Note that your loops,

for i in range(len(lat)):
    for j in range(len(lon)):
        for m in range(len(lat)):
            for n in range(len(lon)):

will just generate the indexes,

i = 0, ..., 8
    j = 0, ..., 31
        m = 0, ..., 8
            n = 0, ..., 31

When you then subset the global SST array using sst5[59:90,i,j] and sst5[59:90,m,n] you're not extracting data from the tropical points in your lat and lon variables, you're just extracting data from the corner of the full, global array, i.e., sst5[:, 0:8, 0:31]. You can see this by printing out sst5.shape in your loop, which will show,

...
(365, 720, 1440)
(365, 720, 1440)
(365, 720, 1440)
(365, 720, 1440)
...

This corner is in Antarctica, hence no SST data and numpy.corrcoef will be seeing only missing data values and trying to divide by a zero covariance, yielding NaN values.
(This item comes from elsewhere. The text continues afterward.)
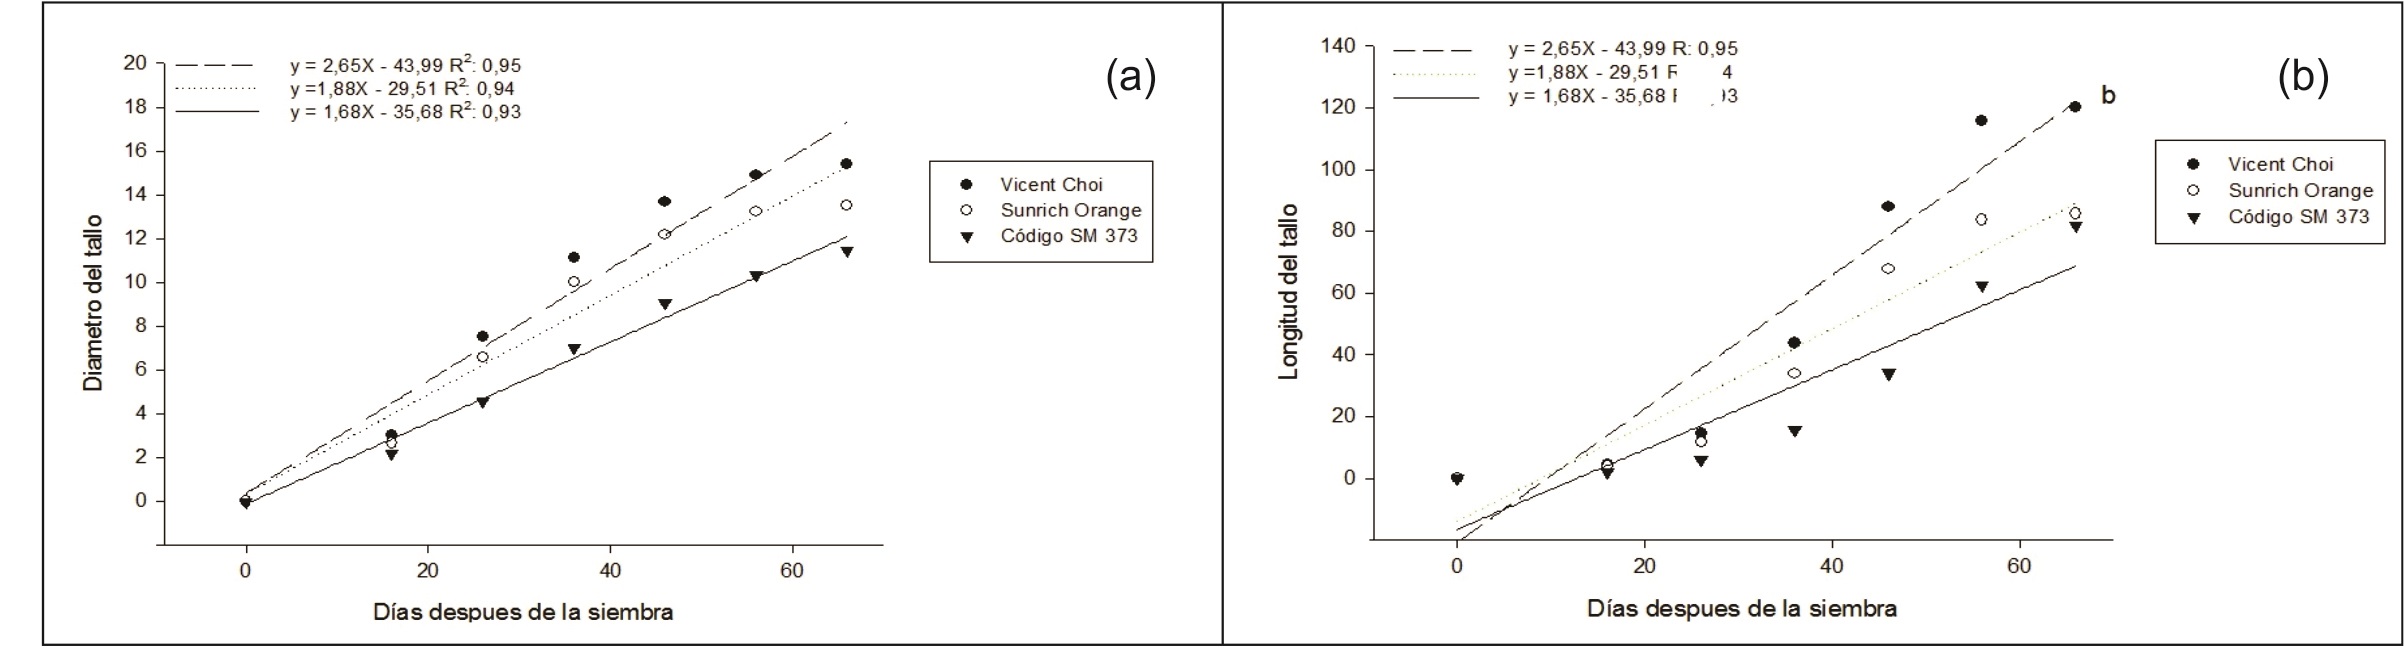 Diámetro (a) y longitud (b) de tallo de tres cultivares híbridos de girasol en función del ciclo del cultivo.

My Numpy issues the following warning when this happens:

RuntimeWarning: invalid value encountered in true_divide
c /= stddev[:, None]

You could modify your program to subset the sst5 array before the loops:

sst5_subset = sst5[59:90, 210:510:35, ::45]

and then refer to this array inside the loops:

mar_05.append(np.corrcoef(sst5_subset[:,i,j],sst5_subset[:, m,n])[0,1])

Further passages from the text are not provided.